━━━━━ Source material ━━━━━

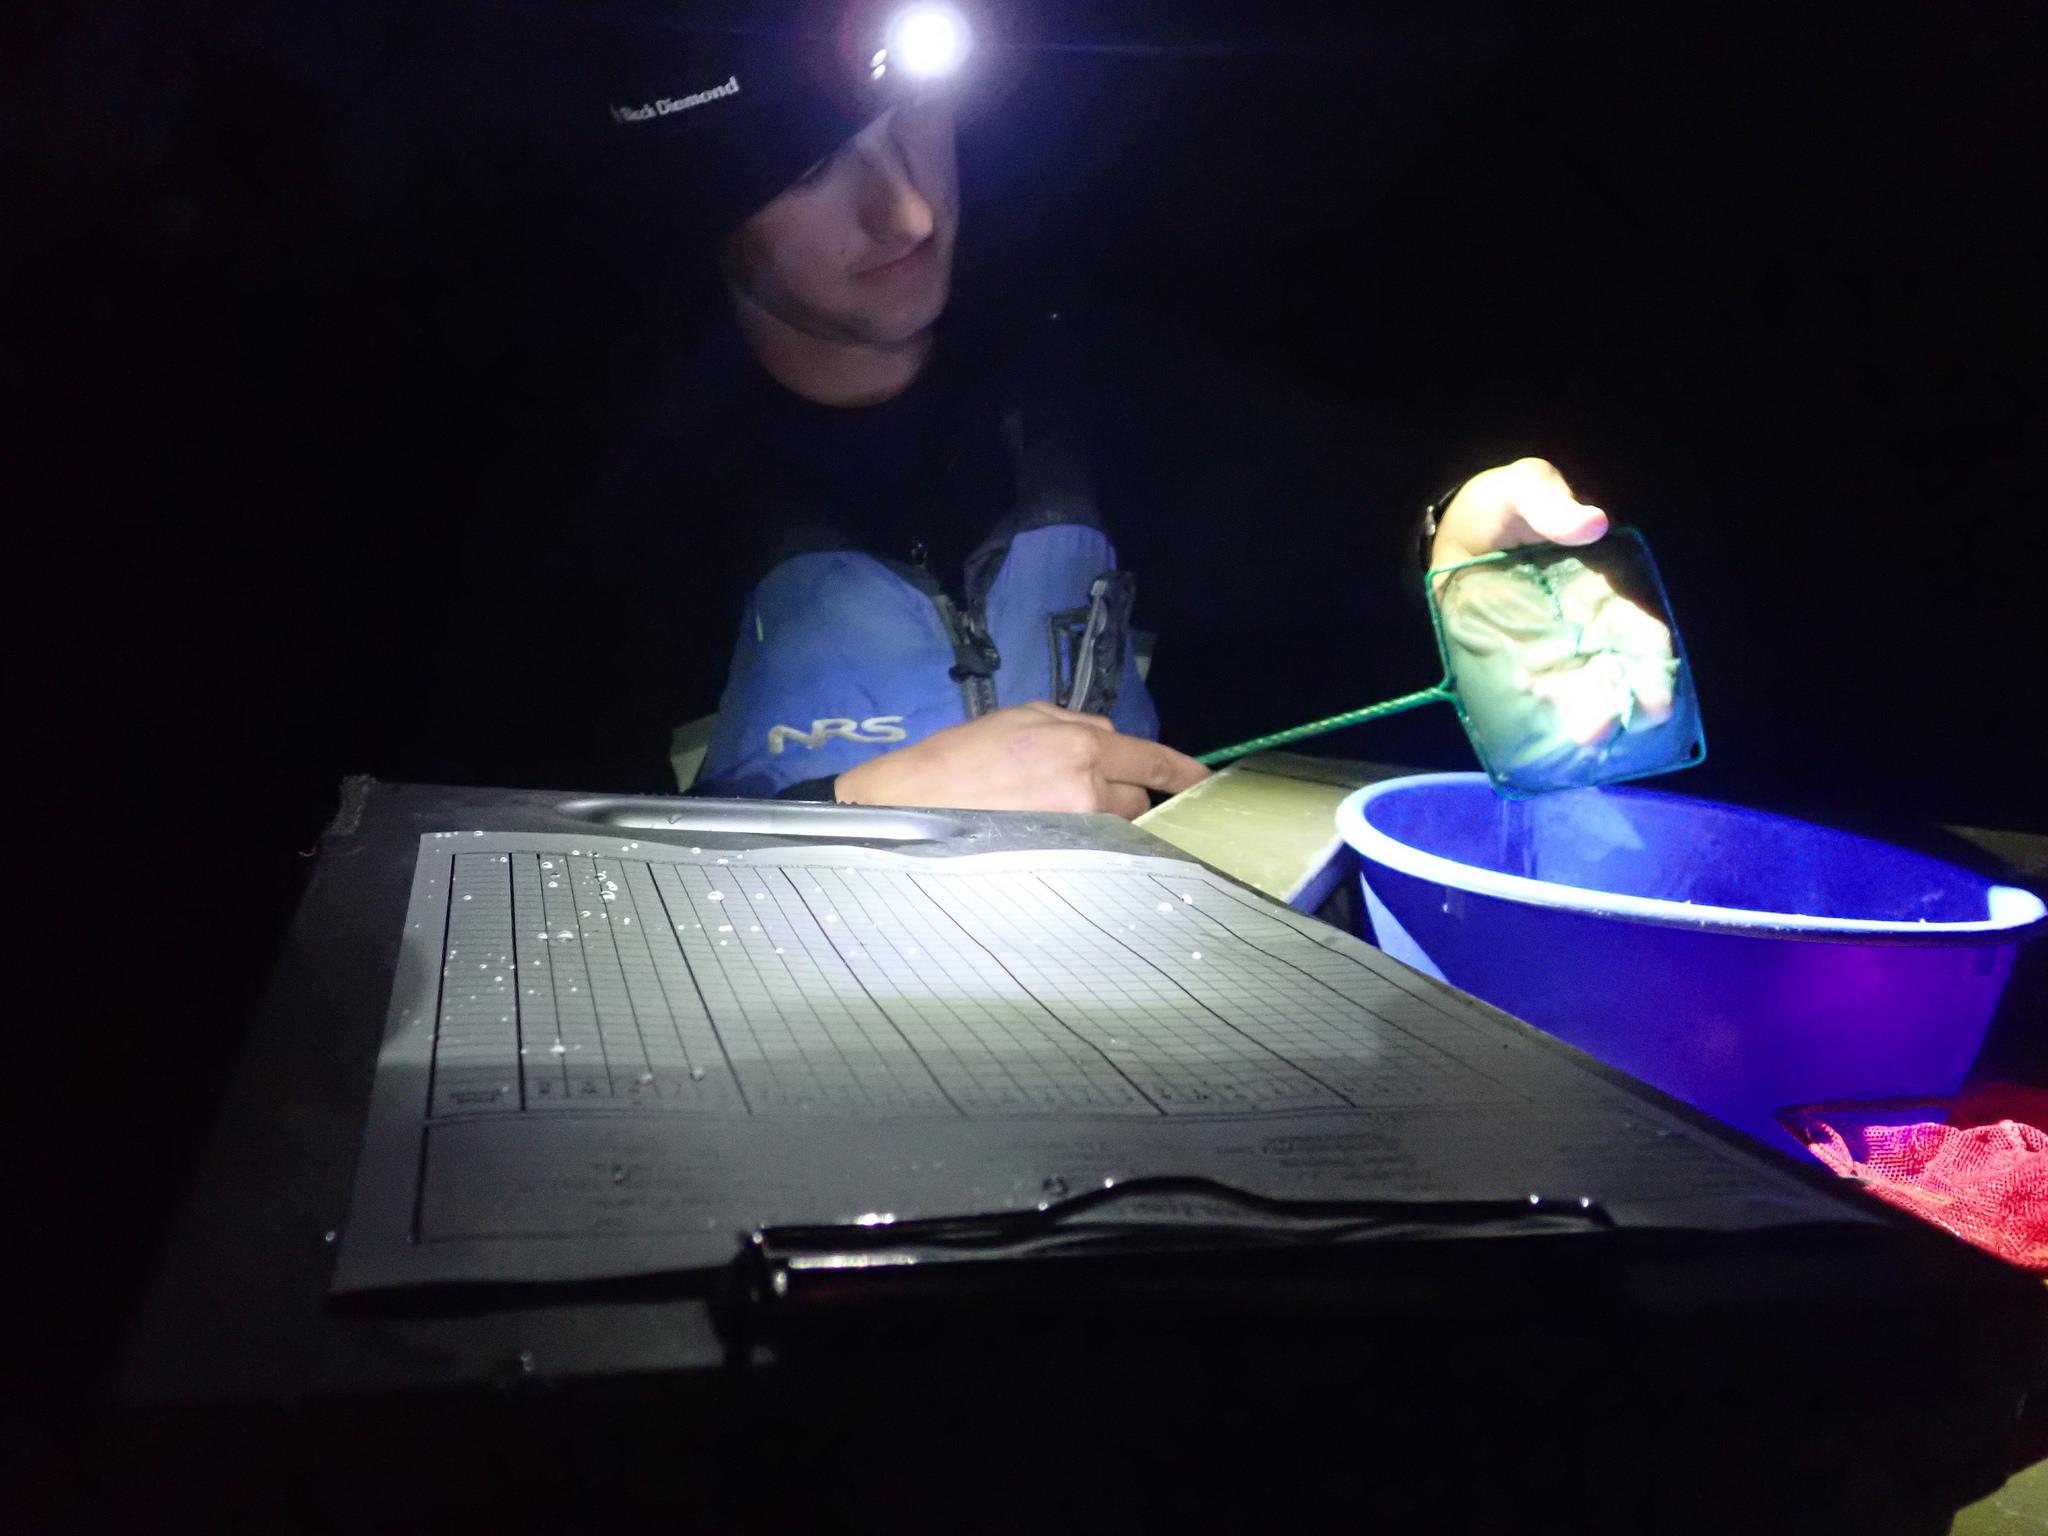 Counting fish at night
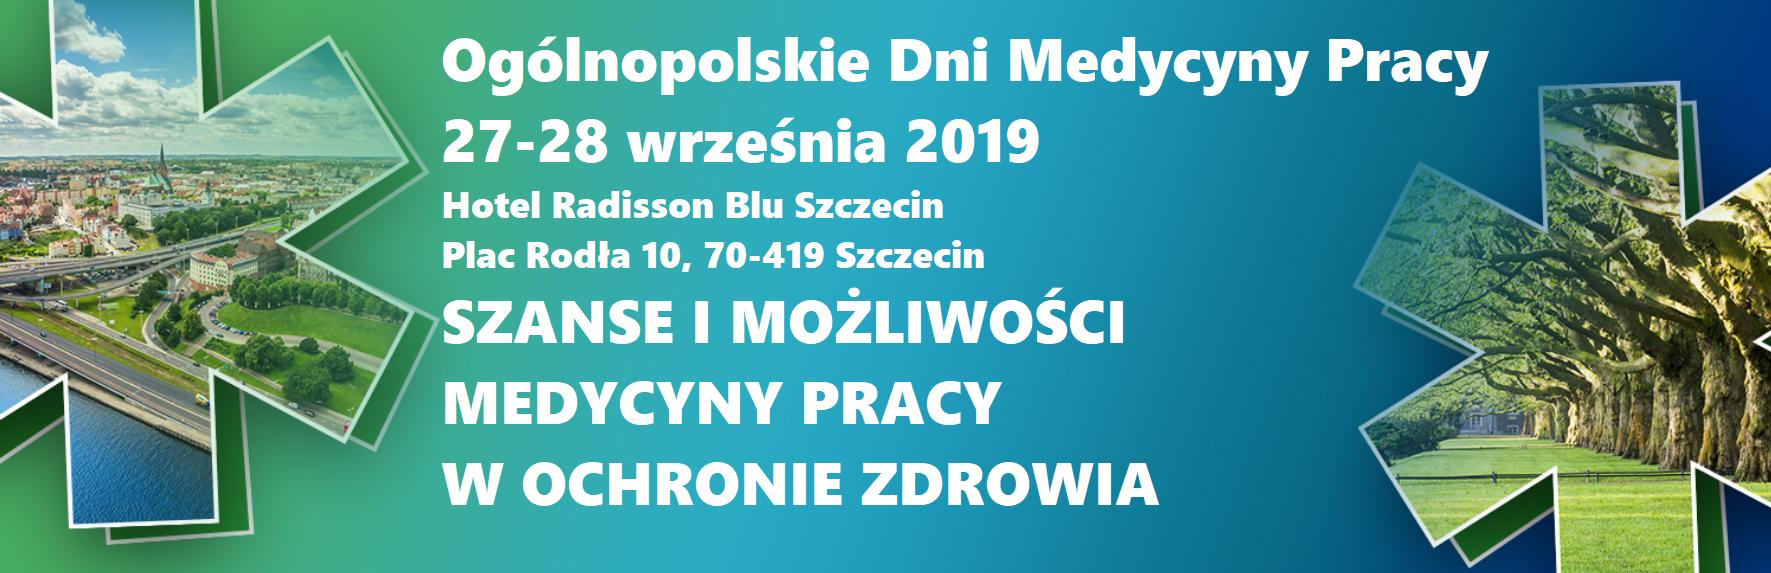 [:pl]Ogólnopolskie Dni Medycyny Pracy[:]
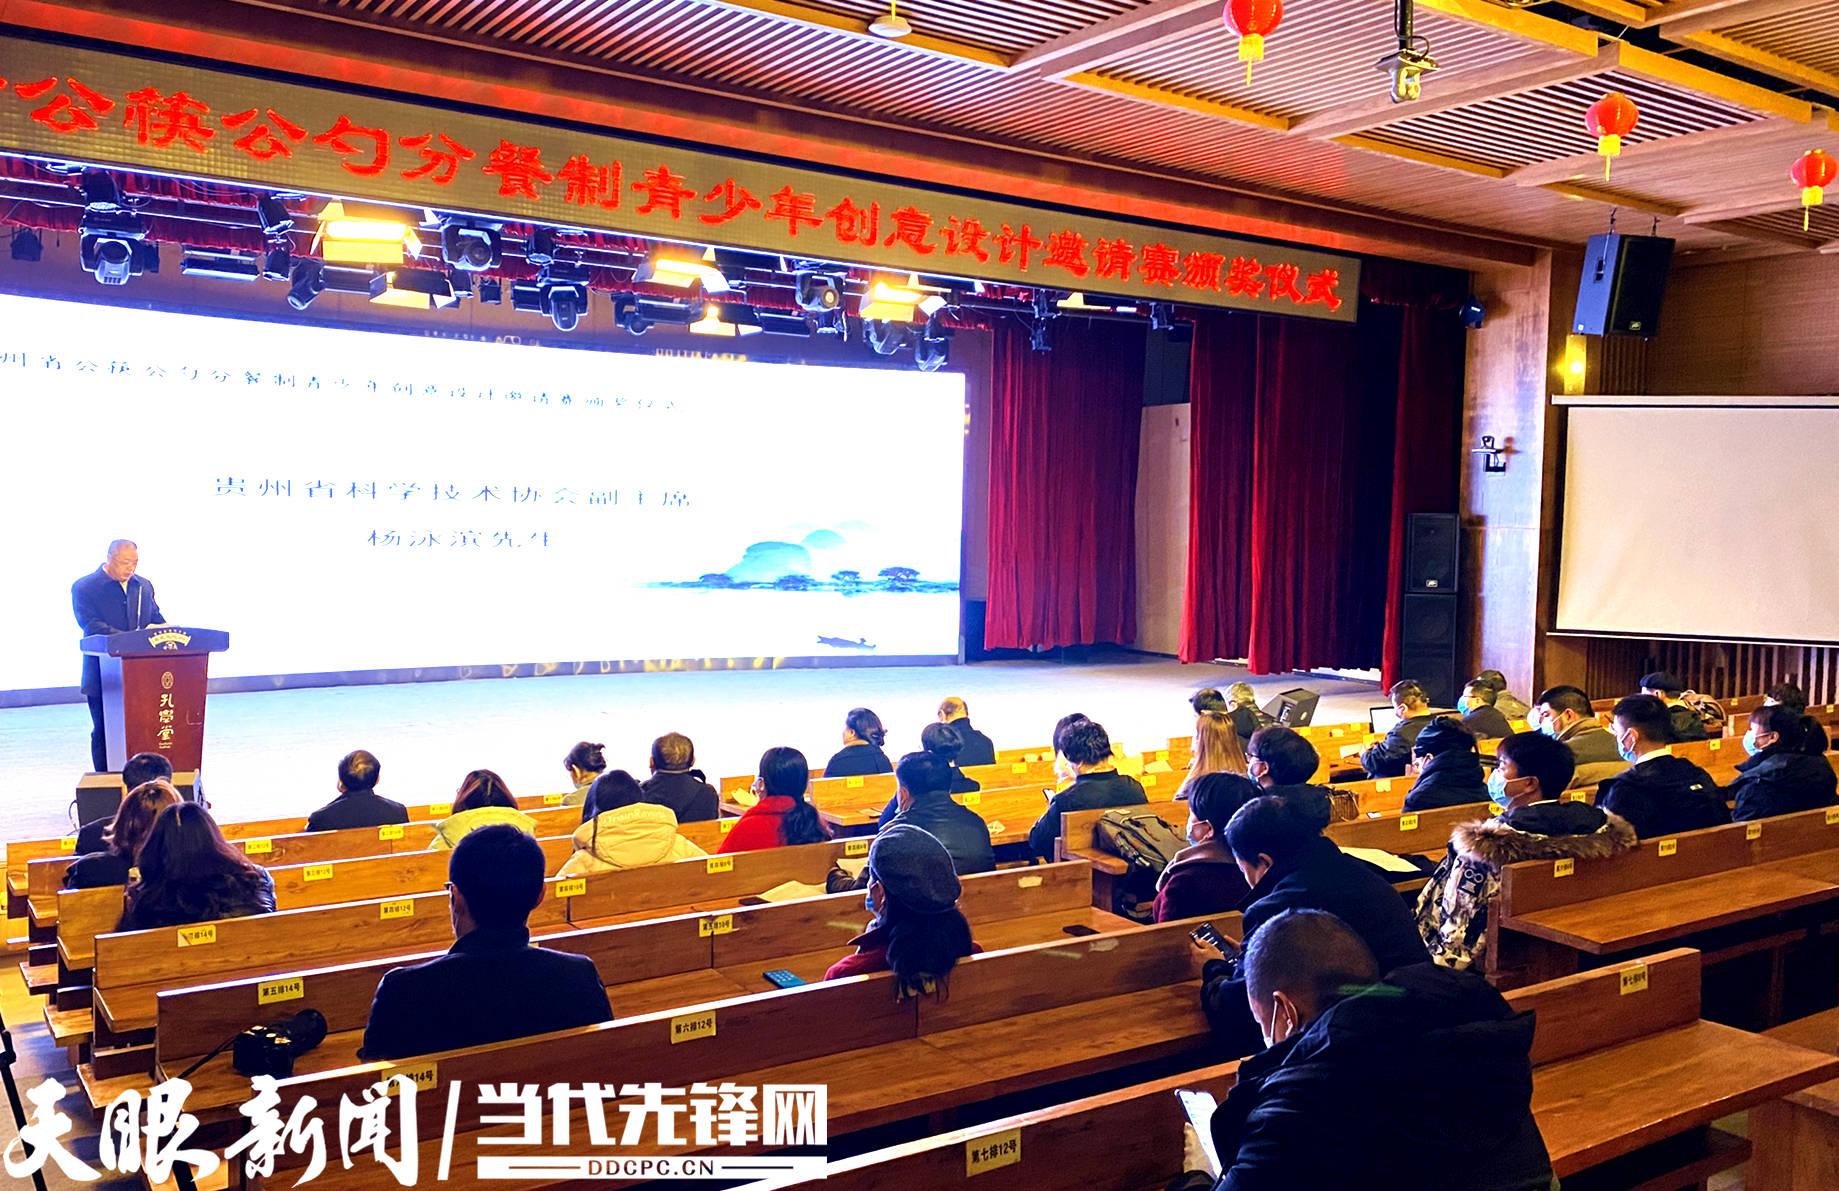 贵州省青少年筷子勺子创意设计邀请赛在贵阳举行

━━━━━

Only the words belong in your copy: restate the data above exactly and leave the images out.

 Counting fish at night
 [:pl]Ogólnopolskie Dni Medycyny Pracy[:]
 贵州省青少年筷子勺子创意设计邀请赛在贵阳举行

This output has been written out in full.